Notes from ‘Neural Networks for NLP’
16 Mar 2016These are my notes from the tutorial “Neural Networks for Natural Language Processing”, given by Yoav Goldberg at the German Research Center for AI (DFKI) at Saarland University on March 16, 2016. Often, NNs tutorials use examples from the field of image processing, so it was really nice to hear a tutorial focused on linguistic data and analysis. Here’s an overview of the most important things I took away from the talk; check out the notes below and the PDF version of the tutorial for more details.

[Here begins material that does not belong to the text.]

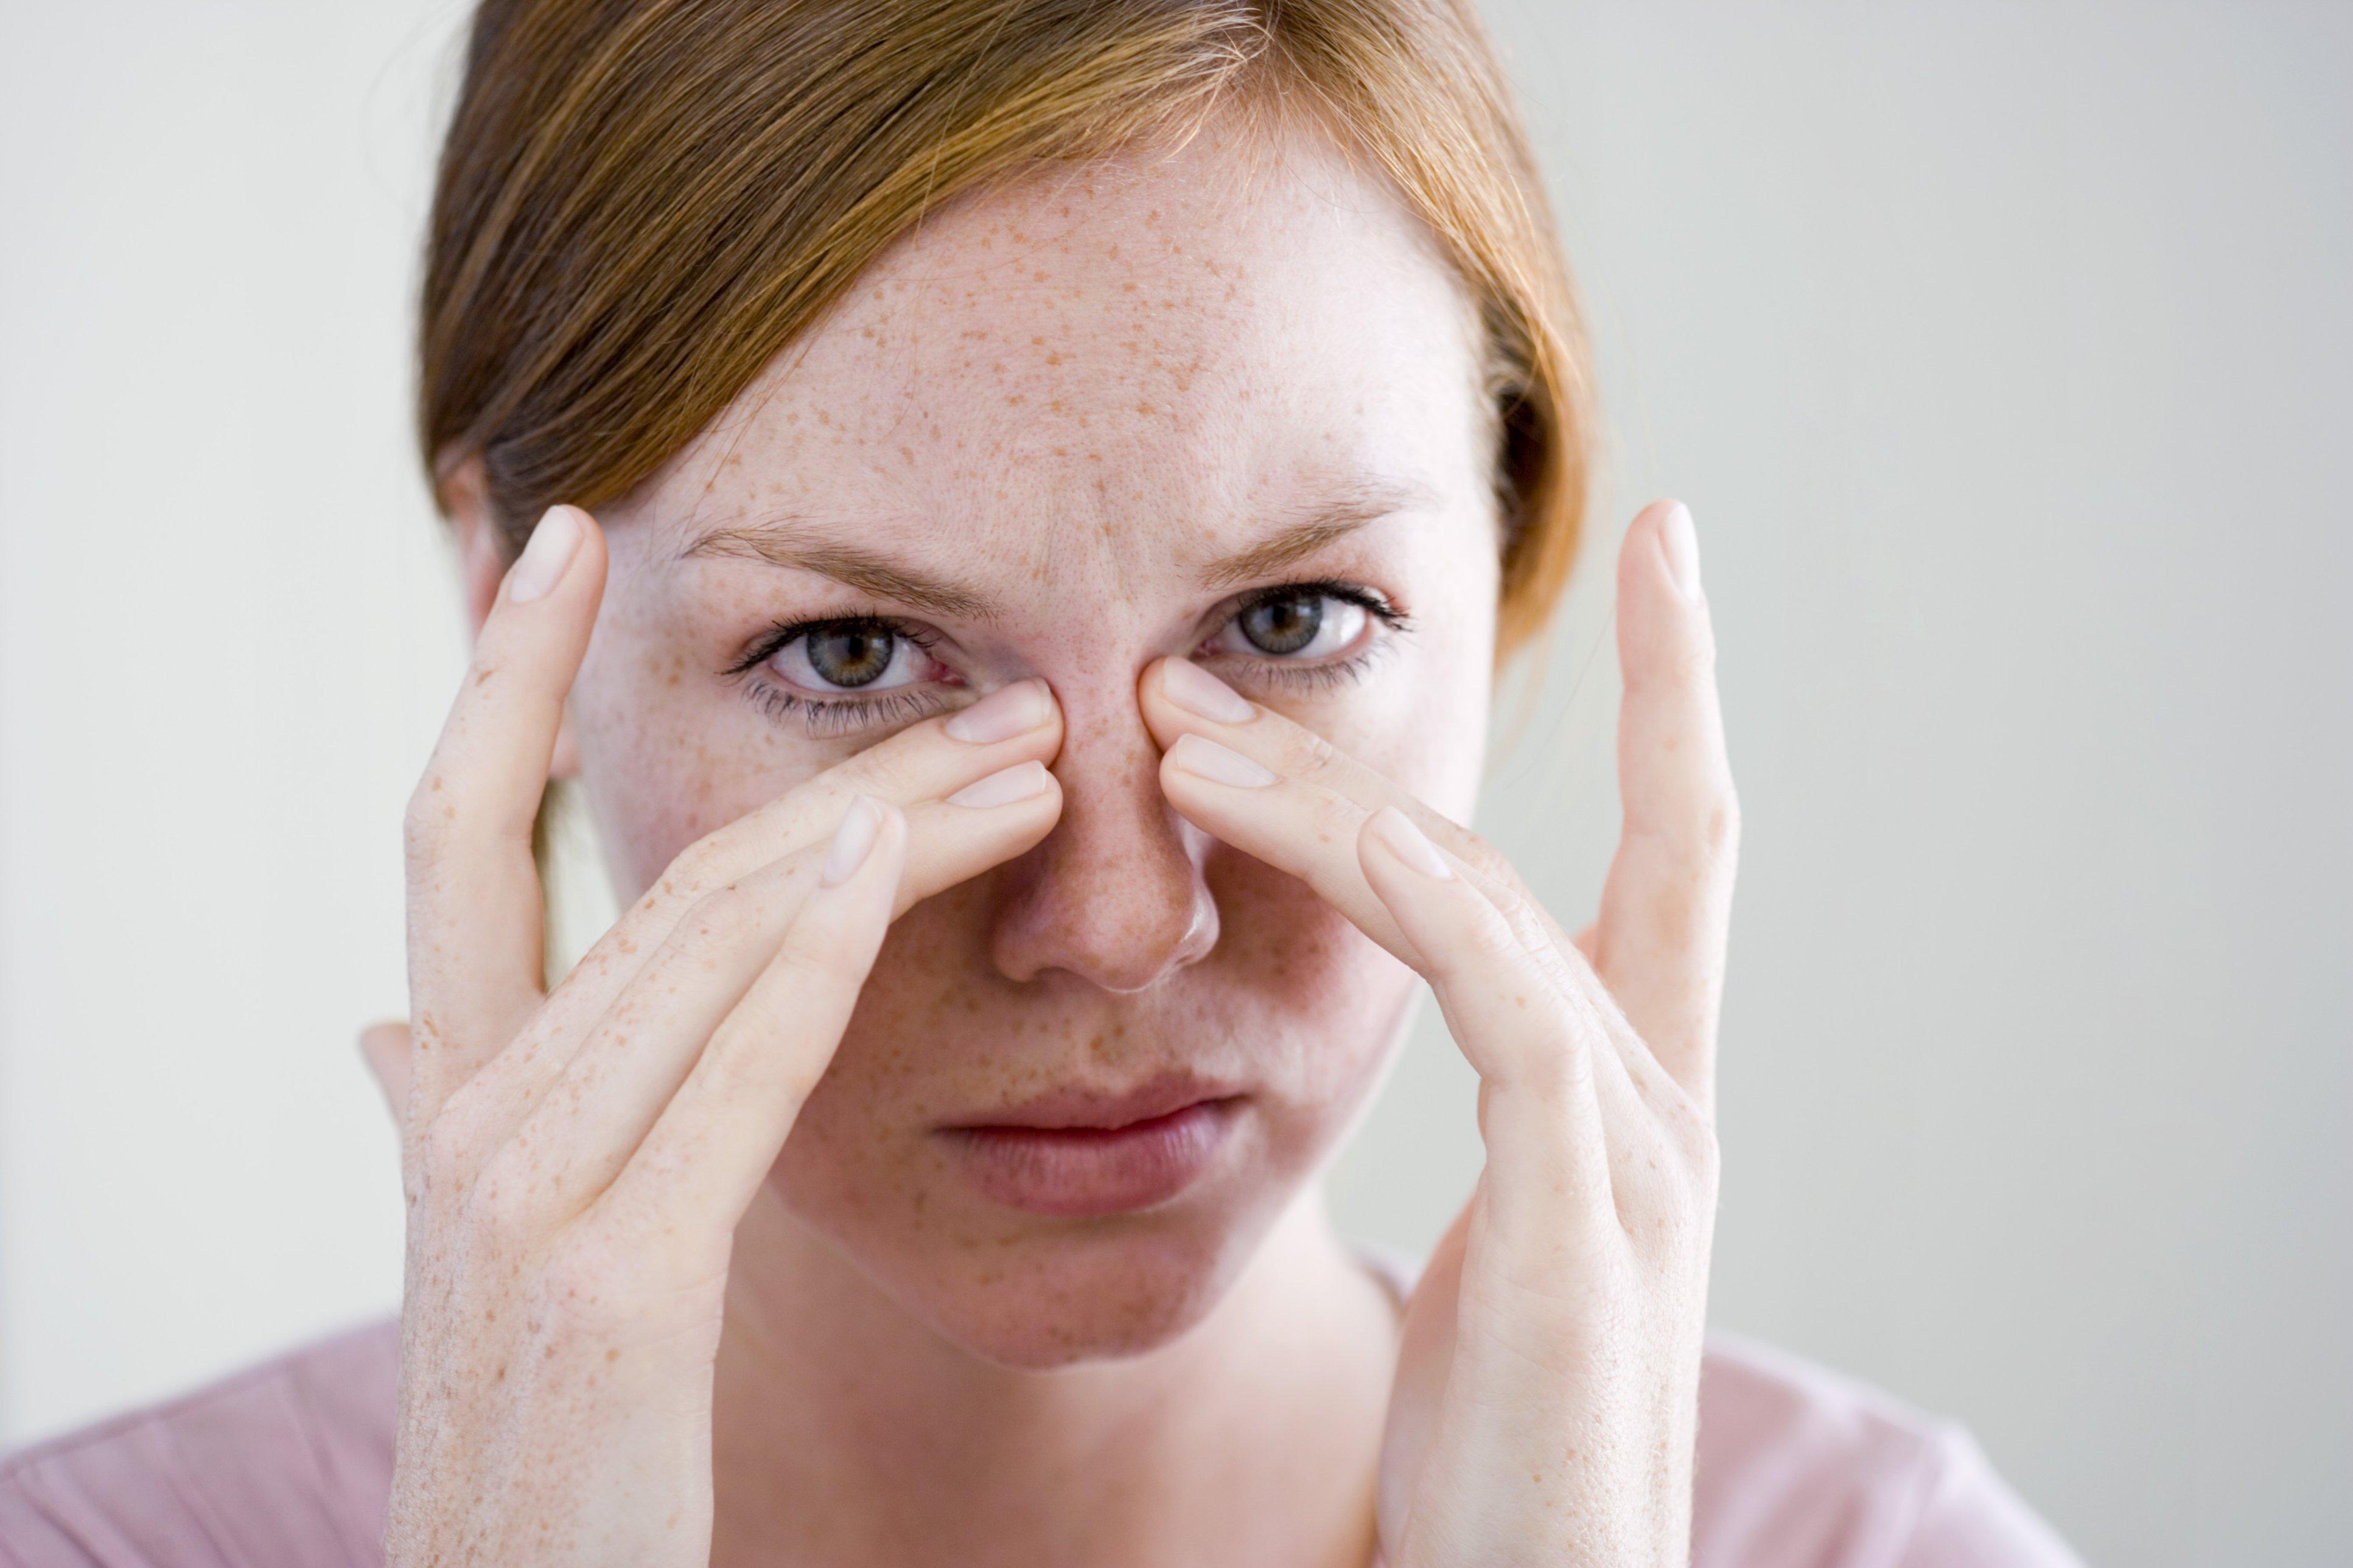 Диплопия (двоение в глазах): причины, лечение консервативными и народными средствами, монокулярная и бинокулярная диплопия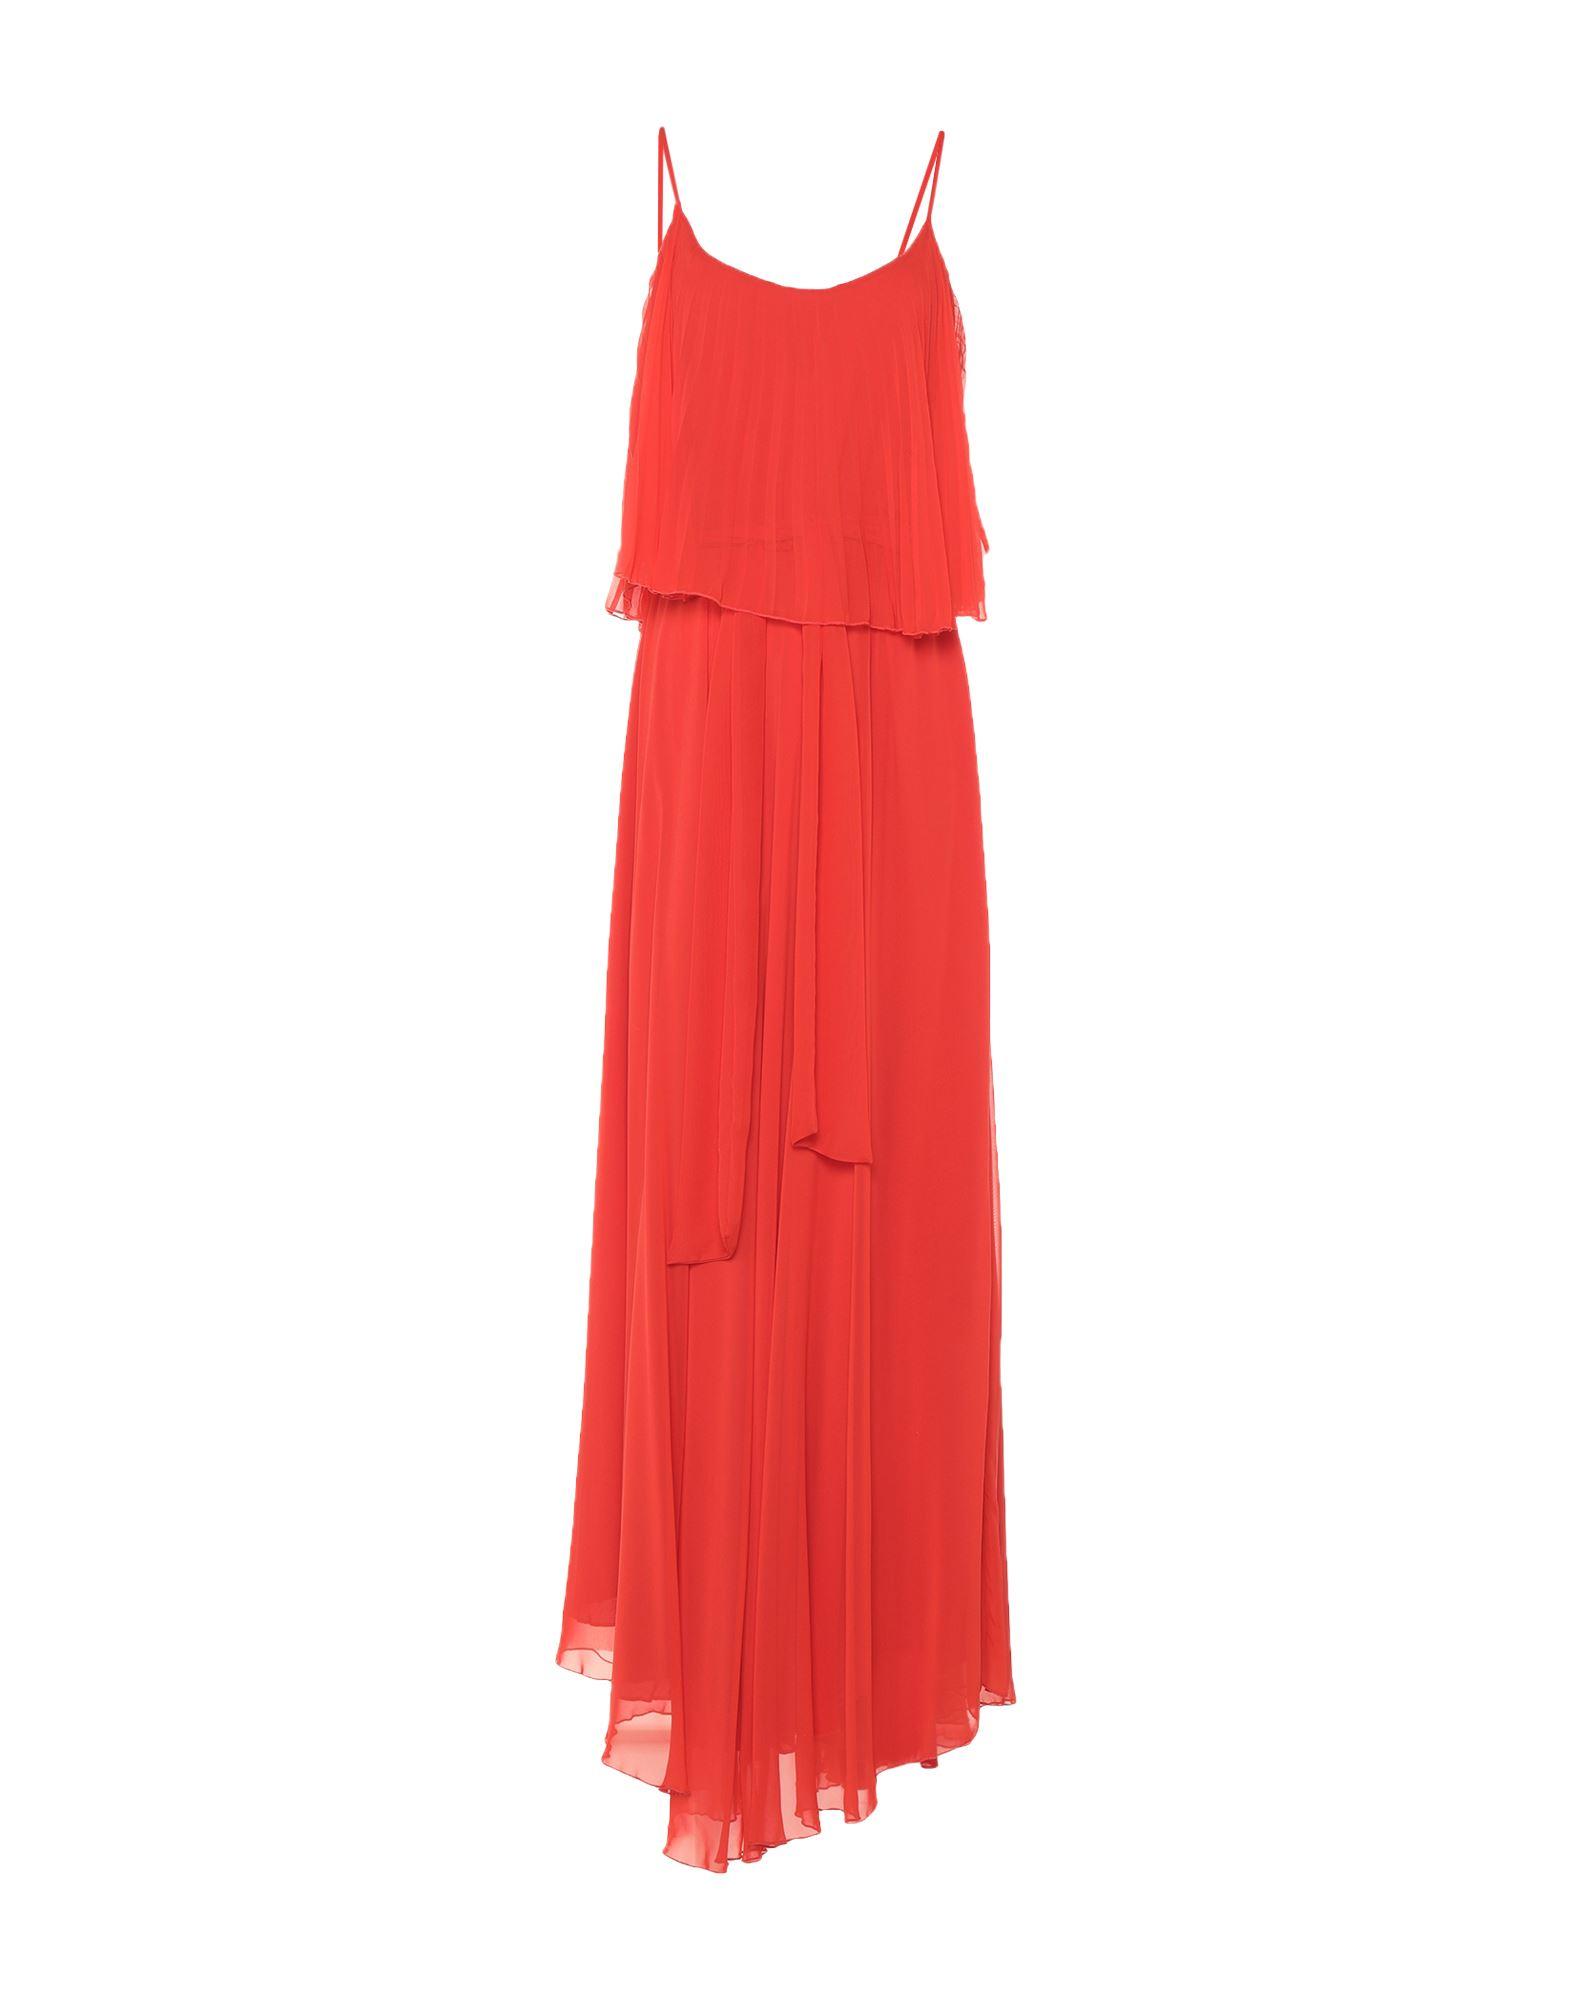 Фото - SANDRO FERRONE Длинное платье sandro ferrone футболка

- Representing linguistic features We need to represent our input data as vectors. Two possible representations are:
- “one-hot”: each input (e.g. representing a word in a sentence) is a long, sparse binary vector, with each element representing a linguistic feature (e.g. “word is ‘DOG’”, “previous word is ‘THE’”, “part of speech is ‘NOUN’”, etc.). Under this representation, each feature is independent.
- feature embeddings: each linguistic feature receives its own vector, and these vectors can be combined (e.g. by concatenation or summing) to create a single vector representing the input. This representation is preferred for NNs, because a) feature vectors are now a parameter of the model and can be trained, and b) features interdependence can be captured - similar features will have similar vectors.
- Recurrent Neural Nets are pretty cool. They work by maintaining a “memory” over a series of states, such that the output of a given state is determined by the memory of that state, which is determined by the input to that state and the memory of the previous state. This is recursive, but for a finite input sequence, the recursion can be “unrolled” into a finite series of states - akin to rewriting a recursive function as a
for
loop.)- Acceptors are RNNs where the output of the final state is what matters. They make a prediction based on the entire sequence, e.g. “Given this sentence (word sequence), what is the sentiment?” or “Given this word (letter sequence), what is the Part Of Speech?”.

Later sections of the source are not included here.